Second, if you’re the finder, you don’t have to worry about your privacy either. The location data comes from your iPhone using typical location services — Wi-Fi router mapping, cellular triangulation, assisted GPS, but nothing aside from the location is sent. Nothing that says you’re the one at that location. Nothing to ID you at all. It’s not that you could literally be anyone. You’re no one. As far as the data is concerned, you don’t exist. No one was ever there.
Also, because Bluetooth LE, and things like network coalescence, which basically just means Find My waits to relay the data until the processor and modem are waking up anyway, like to check for messages, there’s very little impact on the finder’s iPhone battery life either. Even if it’s constantly, passively, picking up pings. Just like it would be from AirPods, Apple Watch, AirDrop, or other accessories or features anyway.
And, the Find My network is opt-in. Which means no one has to be a finder and relay AirTags data if they don’t want to. Though the more people that do opt-in literally the better for everyone.

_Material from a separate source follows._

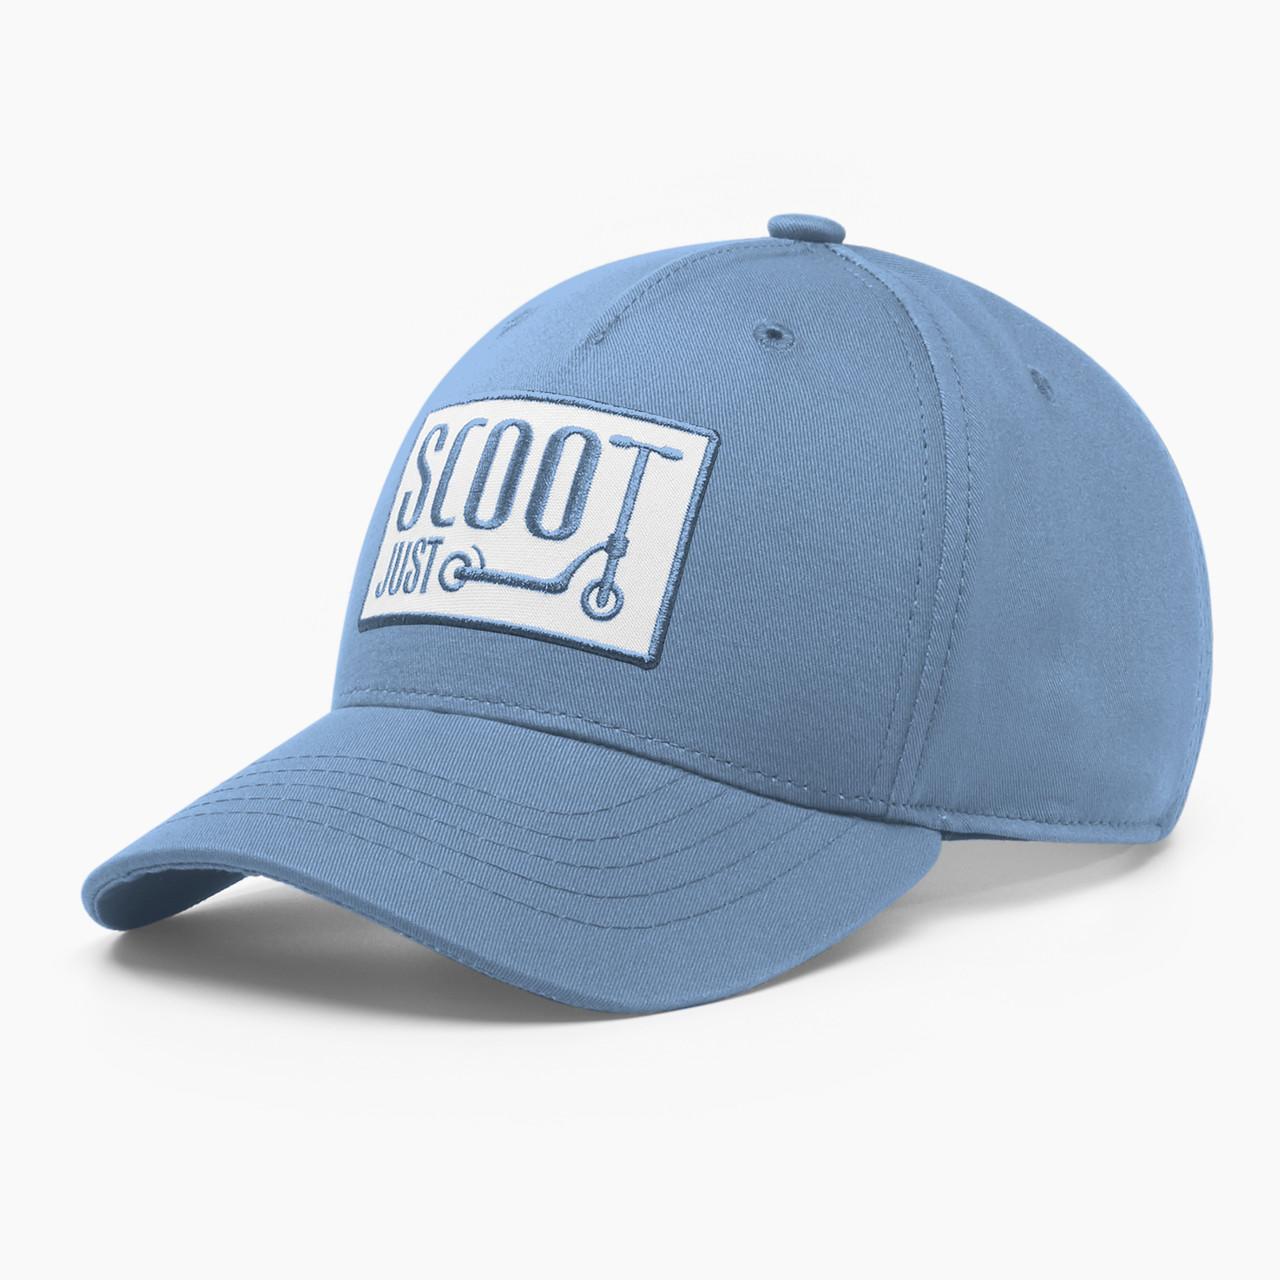 Детская кепка бейсболка INAL kick scooter XS / 51-52 RU Синий 229351

The relay is encrypted from the finder’s device to Apple, so even if somebody bothered to try and eavesdrop on it, all they’d get is that pseudo-random blob. And, since Apple doesn’t have your private key, only your devices do, Apple can’t tell what’s in the blob either. Not that it’s for your device, not what time, and not where. All Apple can do is store the reports as they come in.
But, once you realize you’re missing your keys and you go into the FindMy app to… find them… your iPhone will pull that AirTag’s information from iCloud Keychain and start going back and computing all the 15-minute interval public keys and lookup indexes its generated, and ask Apple’s servers for any matching reports.

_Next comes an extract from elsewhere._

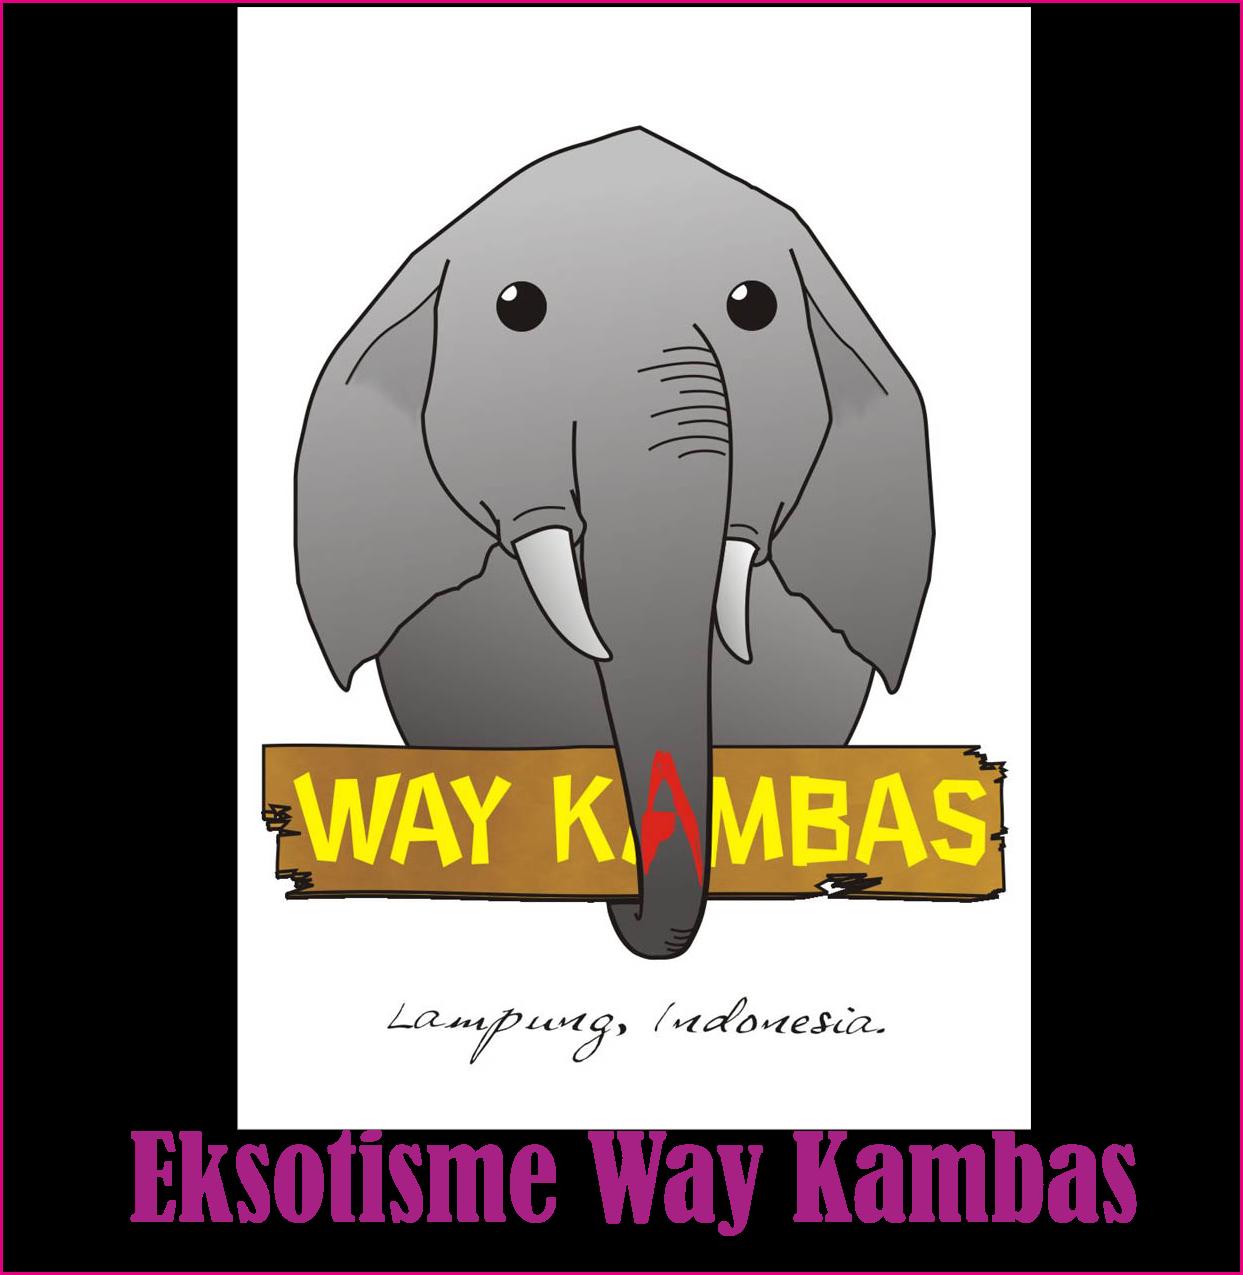 Eksotisme Way Kambas

If there are any, Apple will send them down, again as encrypted blobs between their servers and your iPhone so no one can listen in, and then your iPhone will decrypt them and show you where your AirTag has been, and when.
So, yeah, about those potential security concerns.
Because some people are legit going to worry that AirTags will be abused by bad actors. That someone with malicious intent could just drop one into your car or gym bag and use it to track you.
But, honestly, very similar products that offer almost exactly the same base functionality, like Tile, have been on the market for years already, never mind the cell phones and full-on James Bond spy kit that we’ve seen in every cheesy TV and movie plot for even longer. But, yeah, once it gets an Apple logo on it, it’s open season in headlines.
Beyond any valid concerns Apple will need to address, and any clickbait I’ll be more than happy to address, you know, the way I do…
You’ll just see the AirTag on your house keys show up in Find My the way your iPhone or iPad or other Apple kit has for years now and, hopefully, you’ll be able to go right back out and pick them up. No frantic calls to families or locksmiths, not with all… this going on as well.
And we know all this because that’s how FindMy has been working since the new network launched back in September of 2019. But thanks to some leaks, including Apple’s own in the various betas, there could also be a super easy, really a new convenience way to track down your tags to the exact inch as well.
Basically, the FindMy app would turn into an augmented reality view finder for you, and you’d be able to just hold it up and scan around for your house keys, and the U1 ultra low band spatial positioning chip in the AirTags, the same as the one in the iPhone 11 and iPhone 12, would light up the exact location for you on the screen. Even if that location was under a car or in a bush or otherwise out of plain sight.